Thanks @fkaelin for creating this task. We discussed this with @isarantopoulos and there are a few things we should figure out before we start this migration:

  • Ownership of the migrated code
  • What pipelines from Research does ML need? Do we need to migrate everything?
  • What are the dependencies?
  • How do we work together for this migration (roles and responsibilities, workflows etc)

@isarantopoulos please let me know if I am missing something. Happy to create a separate task for the above.

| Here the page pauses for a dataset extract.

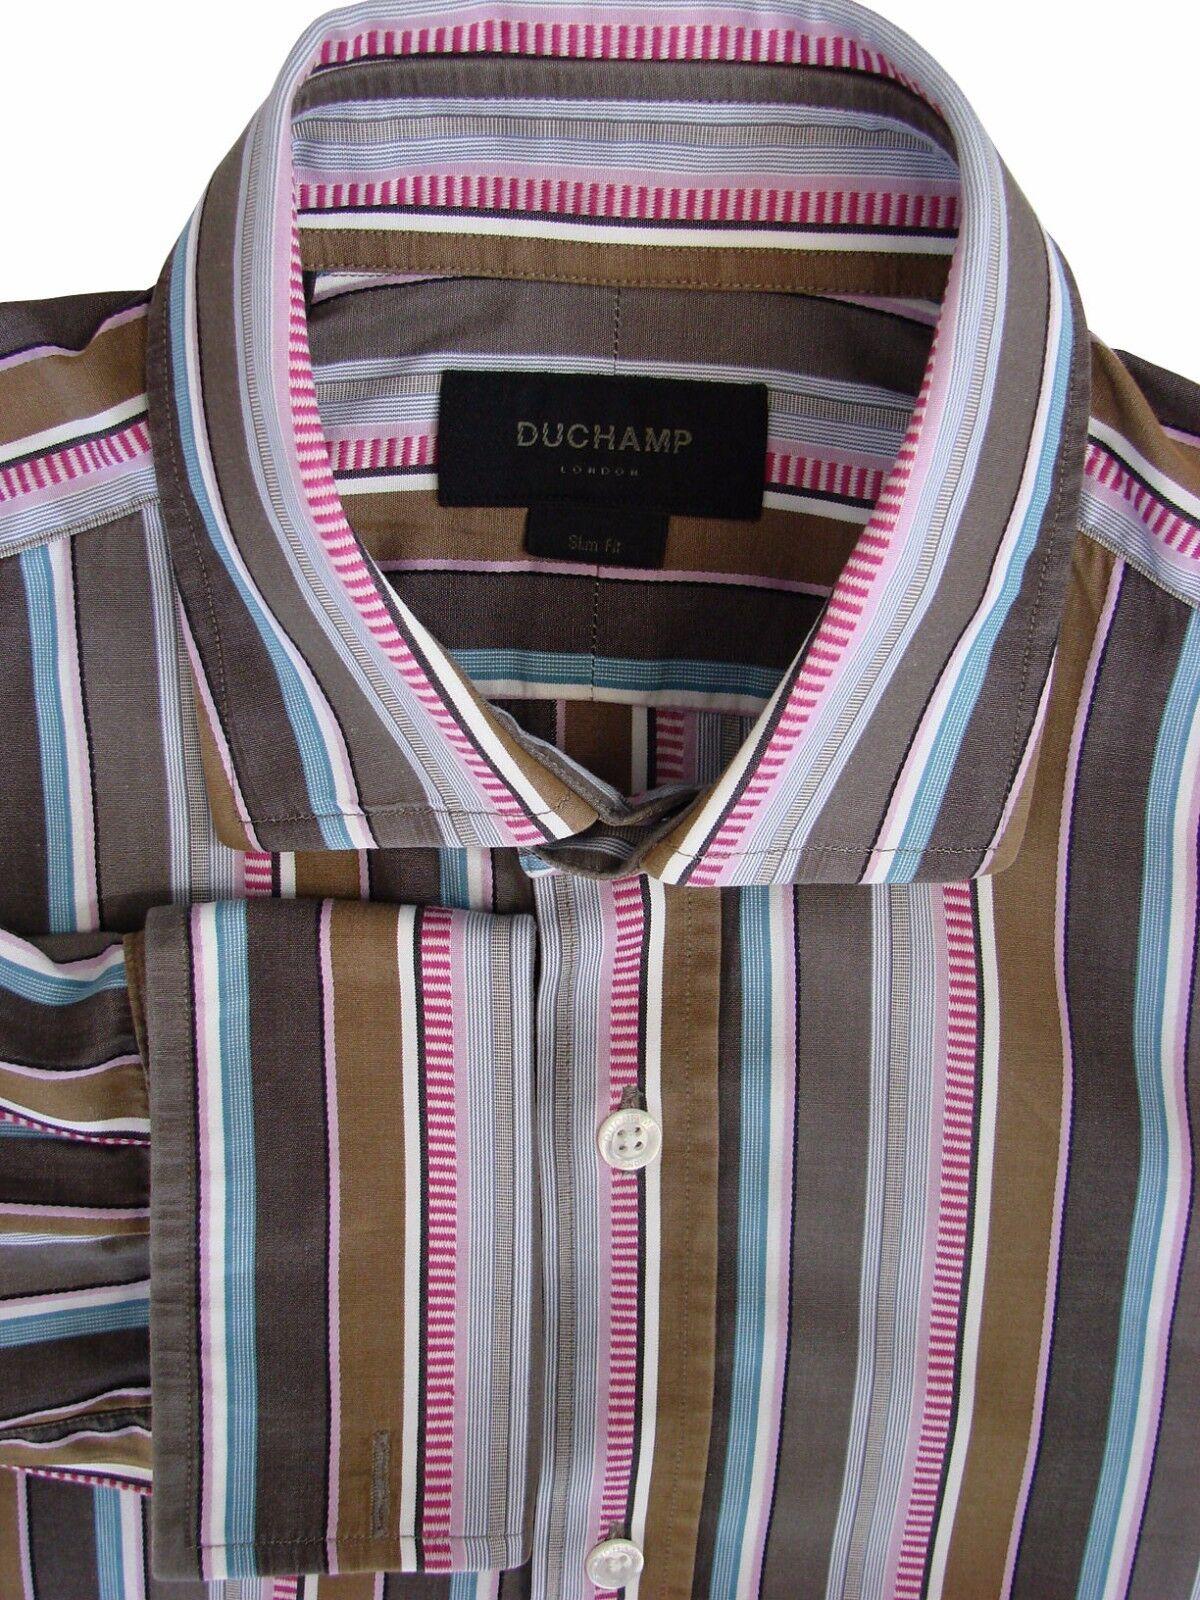 Duchamp London Slim Chemise Homme 15.5 M Marron Multicolore RAYURES Coupe Slim London 46cd67

Miriam set Due Date to Sep 29 2025, 11:00 PM.Jul 28 2025, 9:53 AM
Miriam moved this task from Staged to In Progress on the Research board.
Miriam triaged this task as Medium priority.Aug 26 2025, 11:00 AM
Miriam changed Due Date from Sep 29 2025, 11:00 PM to Dec 30 2025, 12:00 AM.Oct 16 2025, 12:58 PM

Weekly updates

  • The suggested contributions are described in this doc
  • Ongoing discussion regarding ML dev tooling (with notebook support). Prototype repo is wmfing, replacing the archived research-commons repo.

Very cool!

The 'Command API' sounds like a very useful thing outside of just ML and Research jobs. As you build it, perhaps it would make sense to consult with Data Engineering @amastilovic @mforns @xcollazo etc. to see if there might be a way to build it for general use?

Weekly updates

  • started implementation of commons-utils as a project in ml-pipeline. Initial focus is on ci integration to publish a wheel, and adding it is a dependency to another project.

Updates:

  • The previously unused common_utils module is revamped into a shared python project. A gitlab CI job can publish a versioned wheel to the package registry. Other projects in the ml-pipelines can depend on the published wheel, or via a local path for development. This allows projects to depend on different version of common_utils if needed. The shared code from research-datasets repo was moved with no changes, including the unit tests.
  • The add-a-link project in ml-pipelines now depends on the new common_utils project. Previously that shared code was copied to the add-a-link project directly, the duplicate code was removed.
  • There is a new development blubber variant that defines a base docker image for development. This development image can be used to run tests locally, or to start a local jupyter server for development. Documented in the readme.
  • A development dependency to wmfing was added to facilitate development of spark based pipelines, with example usage for add-a-link documented here.
  • After closer inspection, it didn't make sense to adopt the Command API from research-datasets for ml-pipelines. As ml-pipelines is a mono-repo with many independent sub-projects, the unified Command API (that automatically creates dataclasses for all "entry-point" methods) would require undesired dependencies. The added complexity is not worth the benefit.

With this, this task can be marked as resolved.